◆ The data:
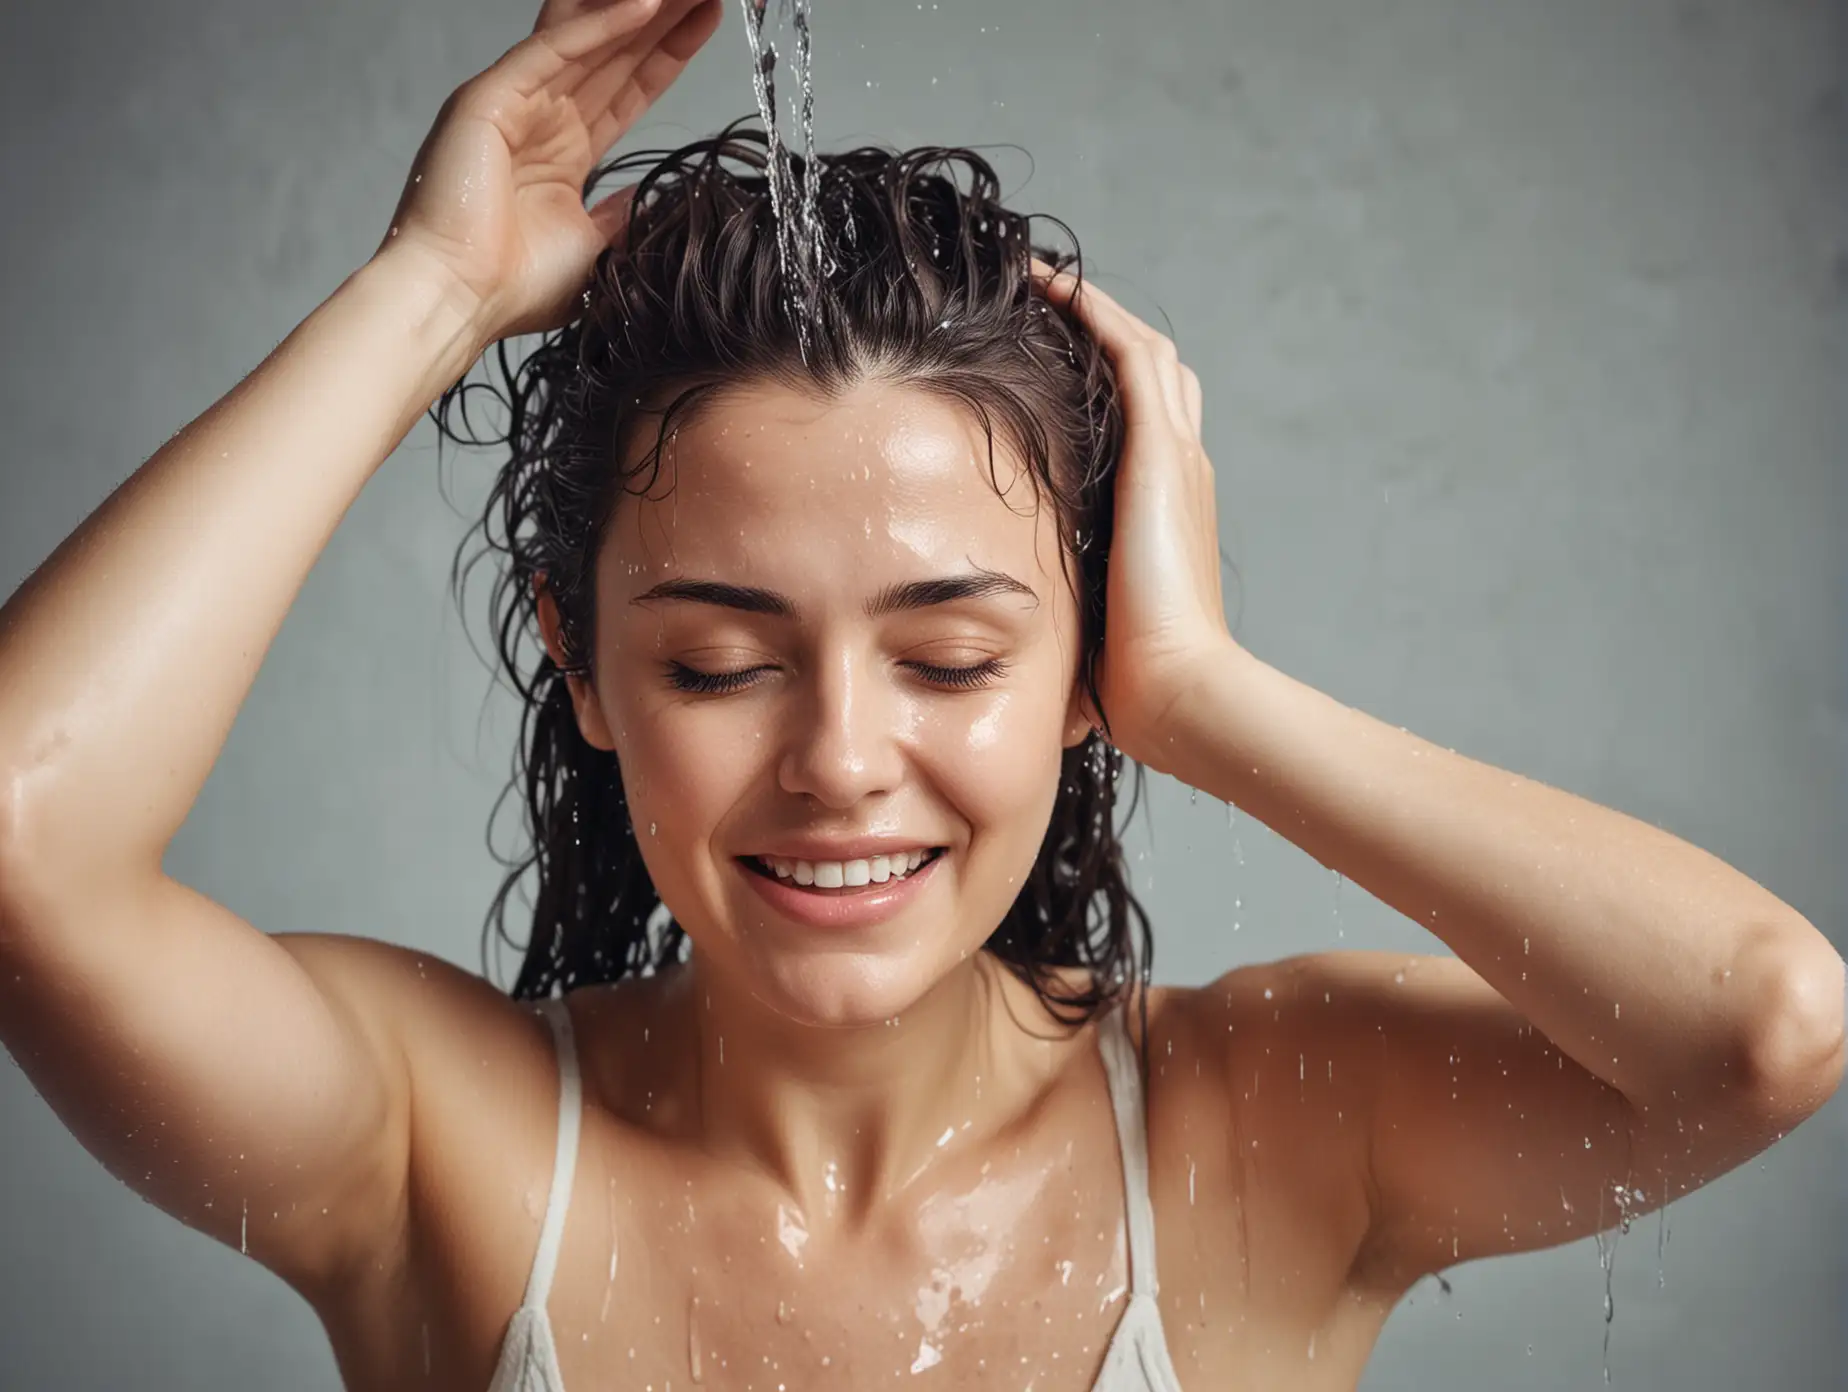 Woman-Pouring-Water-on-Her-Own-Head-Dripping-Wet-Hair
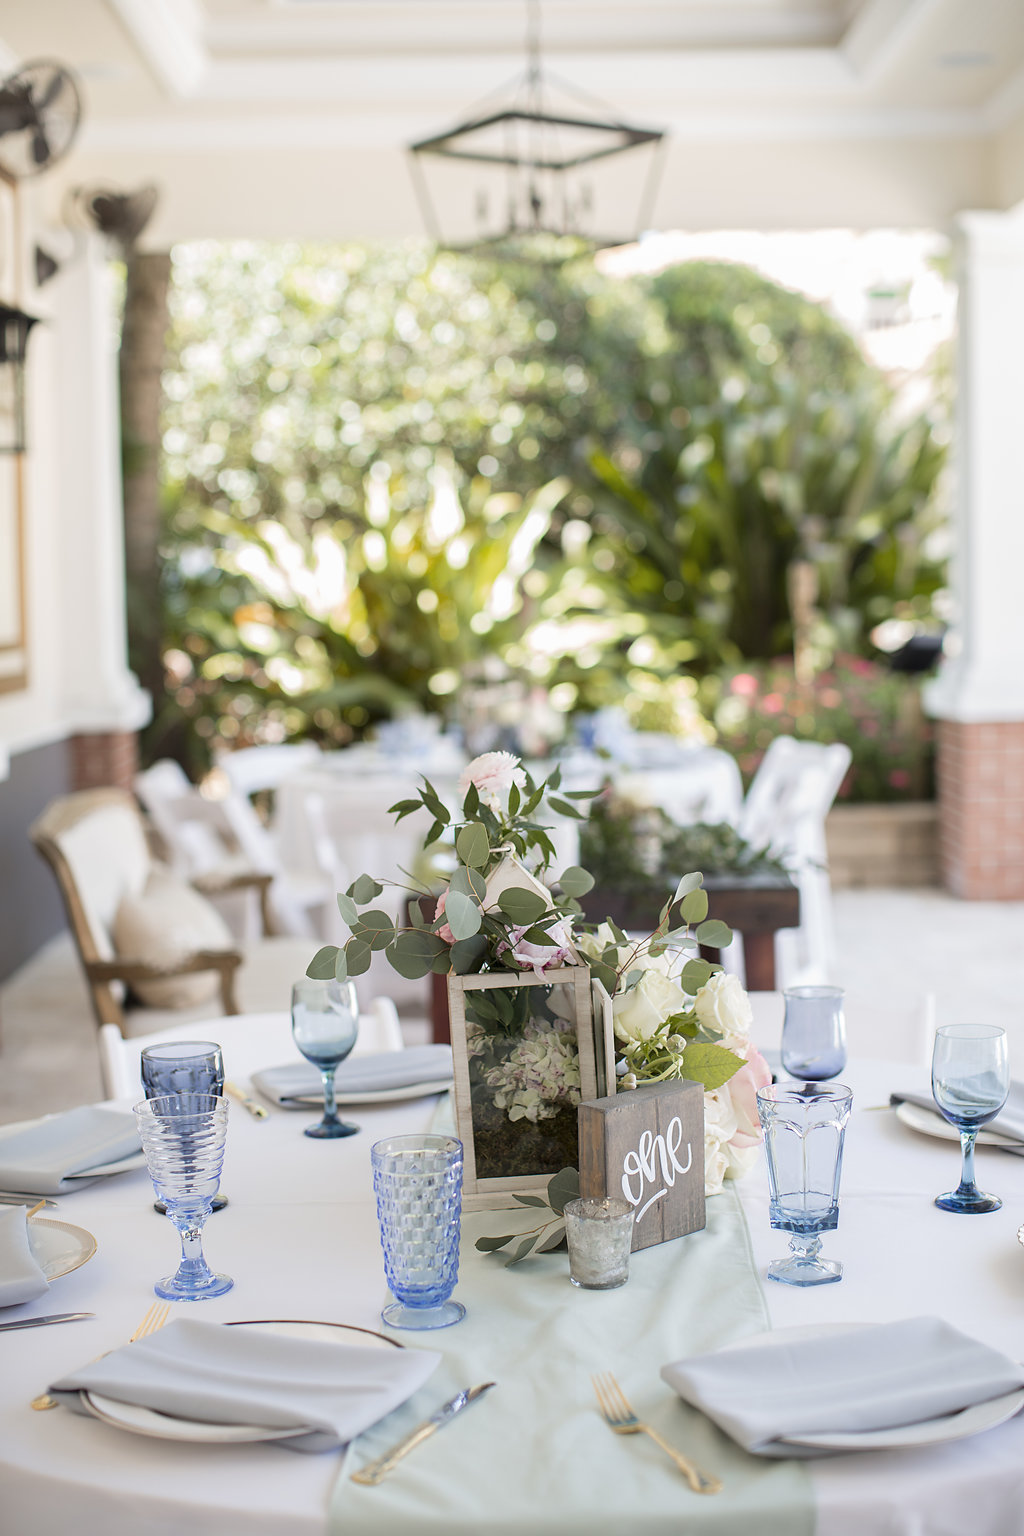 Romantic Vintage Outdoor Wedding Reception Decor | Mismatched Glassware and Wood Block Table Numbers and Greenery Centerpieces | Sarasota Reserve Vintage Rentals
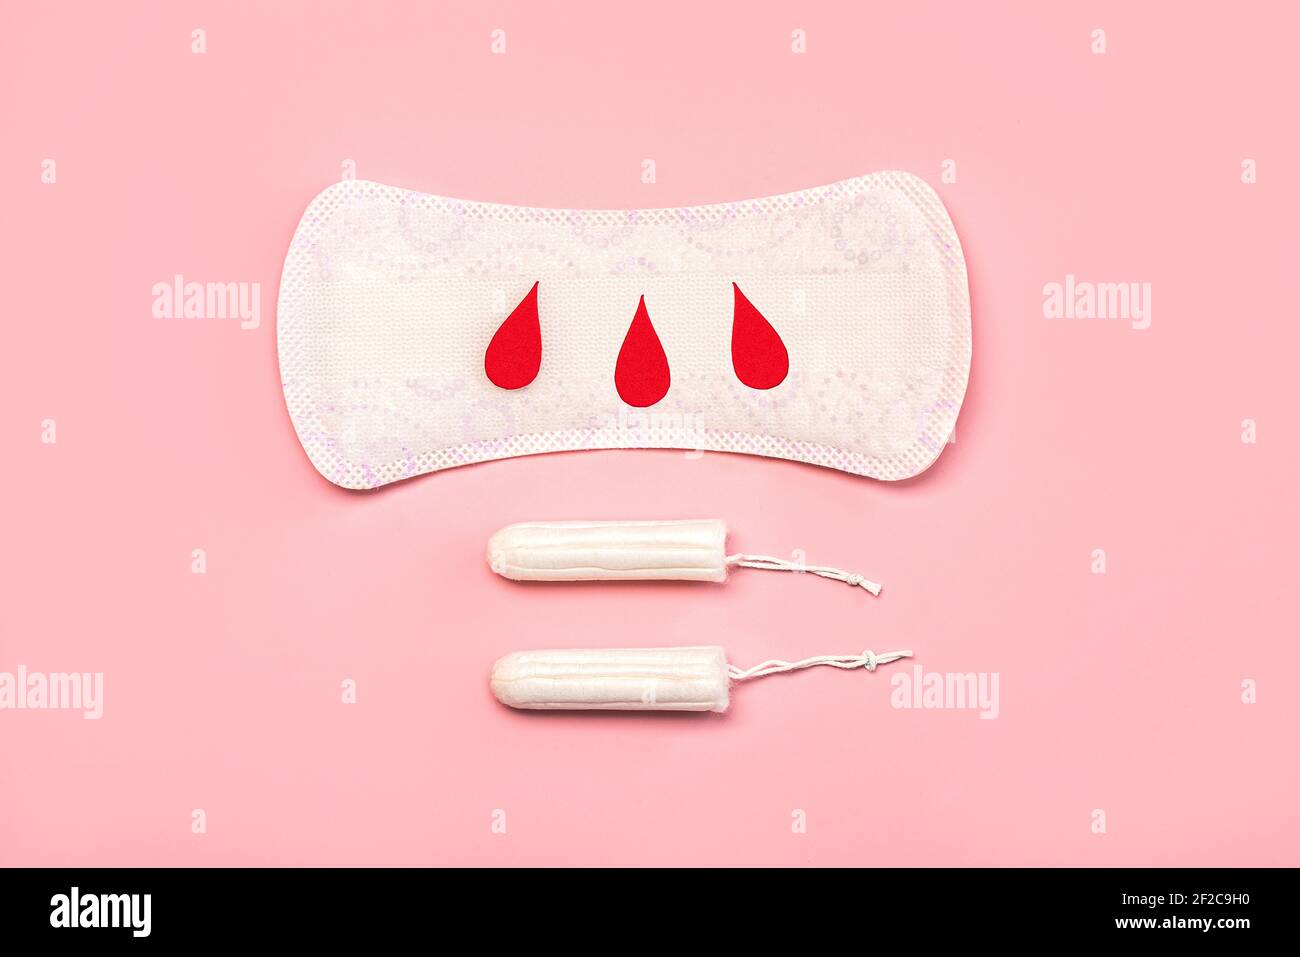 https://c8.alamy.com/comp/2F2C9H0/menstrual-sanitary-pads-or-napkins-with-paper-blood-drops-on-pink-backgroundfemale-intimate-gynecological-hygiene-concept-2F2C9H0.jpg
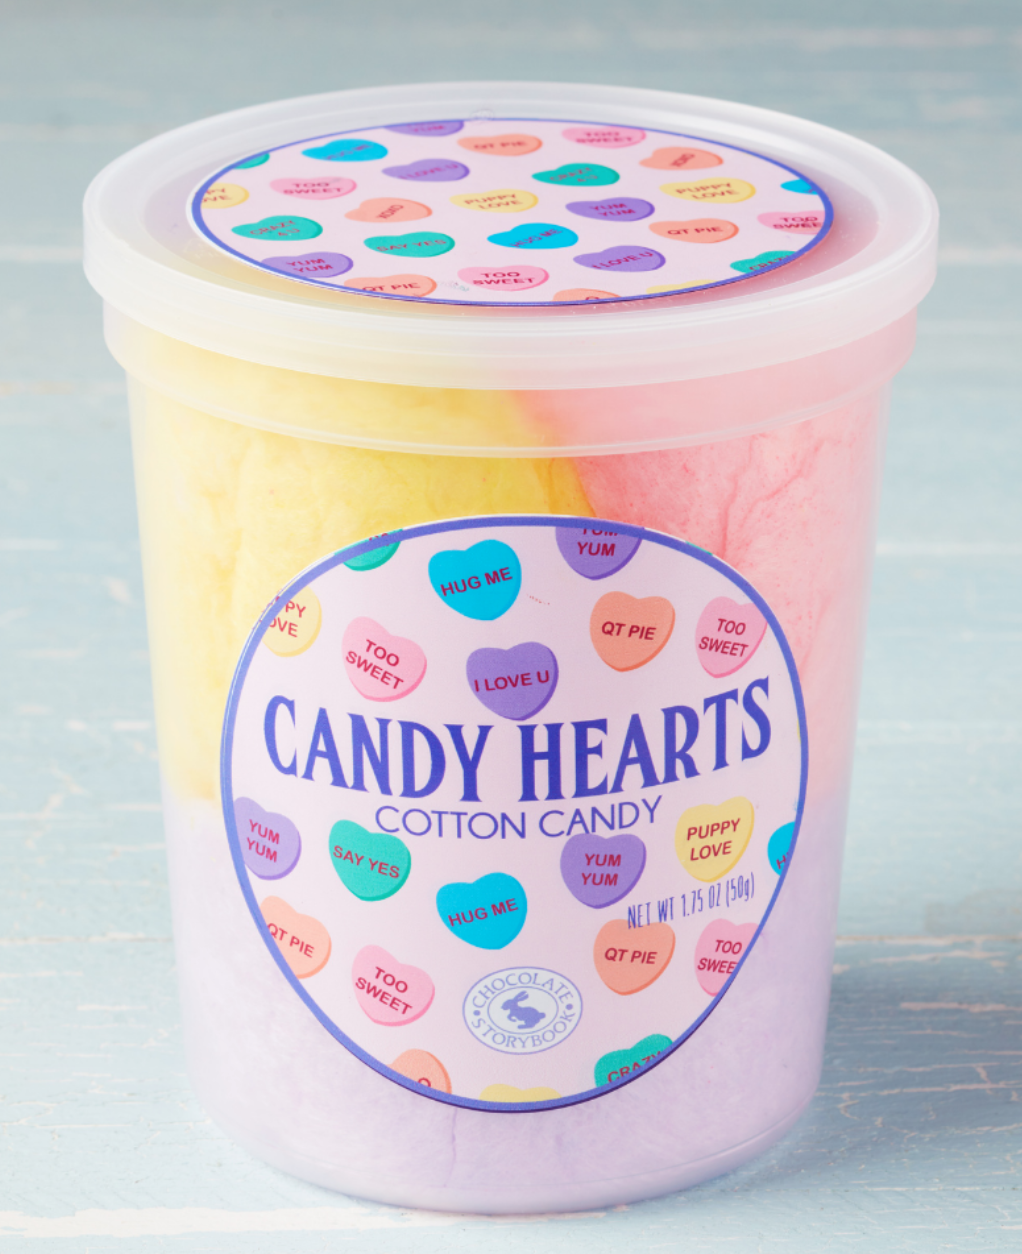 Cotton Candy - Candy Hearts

◆ Work required:
Write out, exactly and only, the lines from the one containing "Romantic Vintage Outdoor" through the last line of the material above. Pictures do not go in the copy.

◆ Reply to the exercise:
 Romantic Vintage Outdoor Wedding Reception Decor | Mismatched Glassware and Wood Block Table Numbers and Greenery Centerpieces | Sarasota Reserve Vintage Rentals
 https://c8.alamy.com/comp/2F2C9H0/menstrual-sanitary-pads-or-napkins-with-paper-blood-drops-on-pink-backgroundfemale-intimate-gynecological-hygiene-concept-2F2C9H0.jpg
 Cotton Candy - Candy Hearts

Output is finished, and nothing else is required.